Theory predicts that as environmental temperatures change, animals that function better at the new temperatures will be favored by natural selection. Thus, we might expect that climate warming will select for animals with higher thermal optimums (Topt). In addition, thermal performance curves are also characterized by the breadth of temperatures that animals can function. Theory predicts that increases in environmental temperature variation will select for animals with larger thermal breadths (Tbr). Previous work has shown that brown anoles transplanted to a warmer environment experienced strong directional selection favoring individuals with higher Topt and Tbr (Logan et al. 2014). However, it is unclear if selection acts on these two traits independently or if they might be genetically constrained.
Mike Logan, an NSF postdoctoral fellow at Stellenbosch University, gave a talk on a study that he and coauthors (John Curlis, Ingrid Minnaar, Joel McGlothlin, Susana Clusella-Trullas, and Bob Cox) conducted to test this question.
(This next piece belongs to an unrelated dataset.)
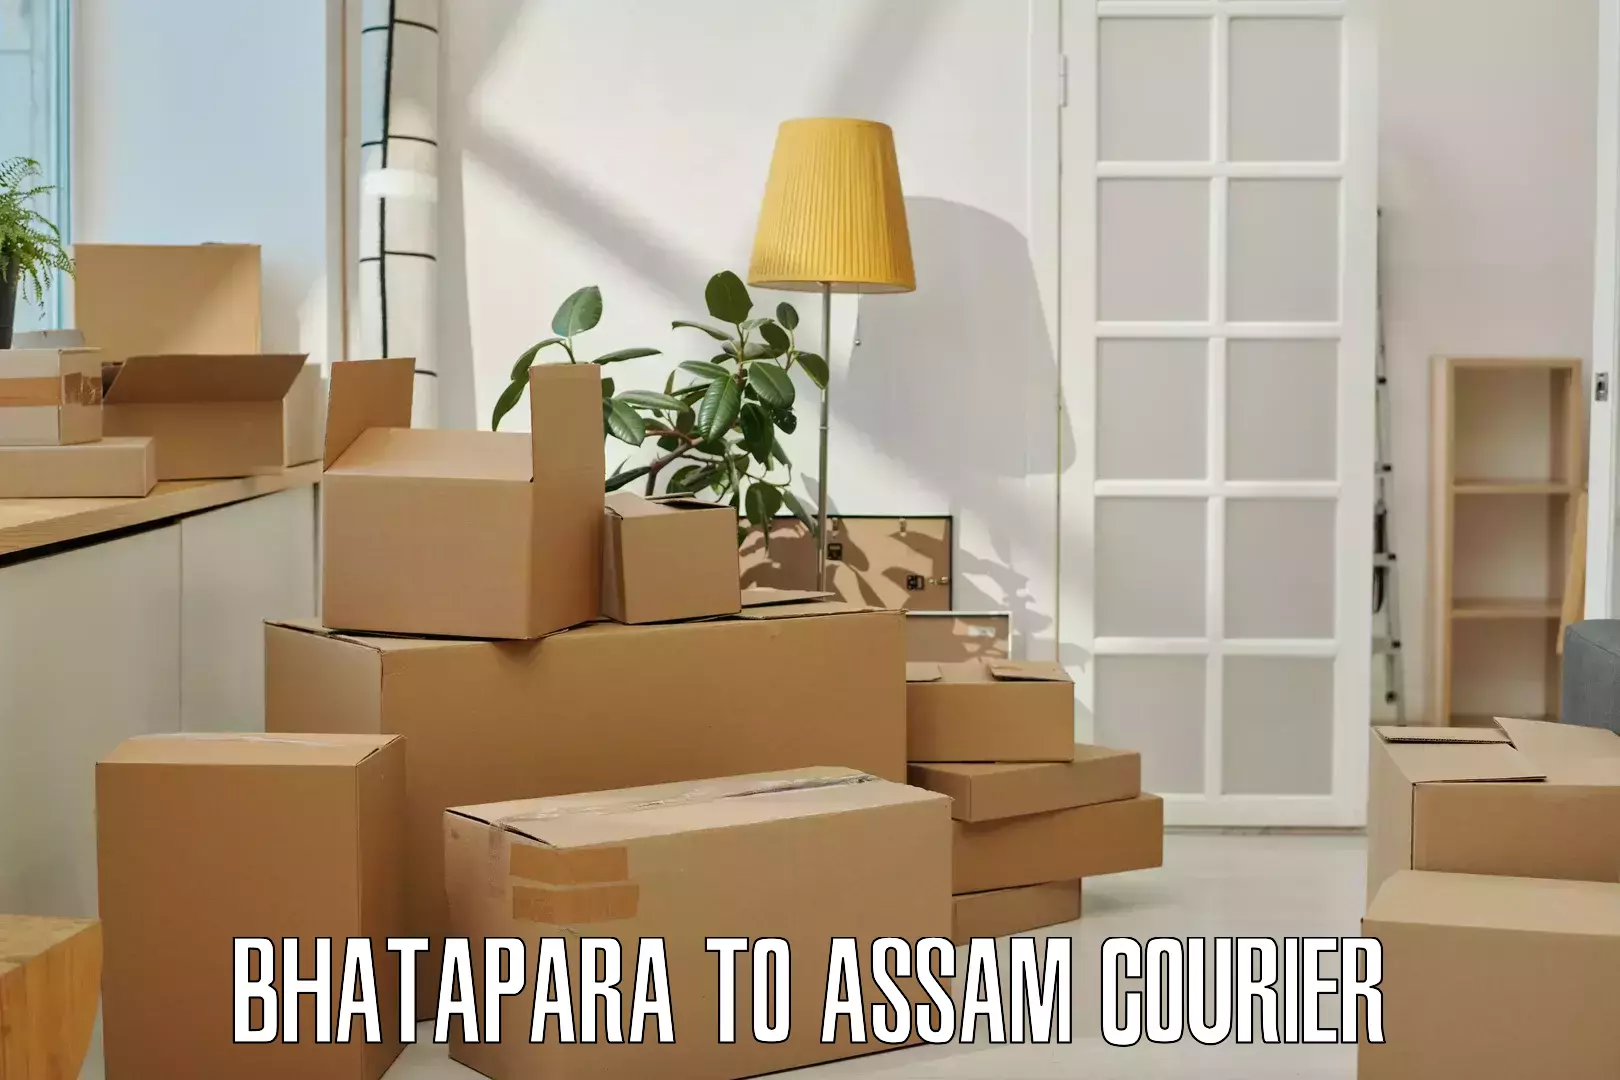 Express courier capabilities Bhatapara to Sivasagar

They brought brown anoles into the lab and found a significant negative correlation between Topt and Tbr, suggesting that increases in one trait lead to reduction in the other. To test the generality of their findings, they brought ladybugs into the lab and conducted similar trials. Interestingly, they found the same results for ladybugs. This study suggests that these thermal adaptations are evolutionarily constrained in two very distant relatives.
Logan, M. L., Cox, R. M., & Calsbeek, R. 2014. Natural selection on thermal performance in a novel thermal environment. Proceedings of the National Academy of Sciences 111(39):14165-14169.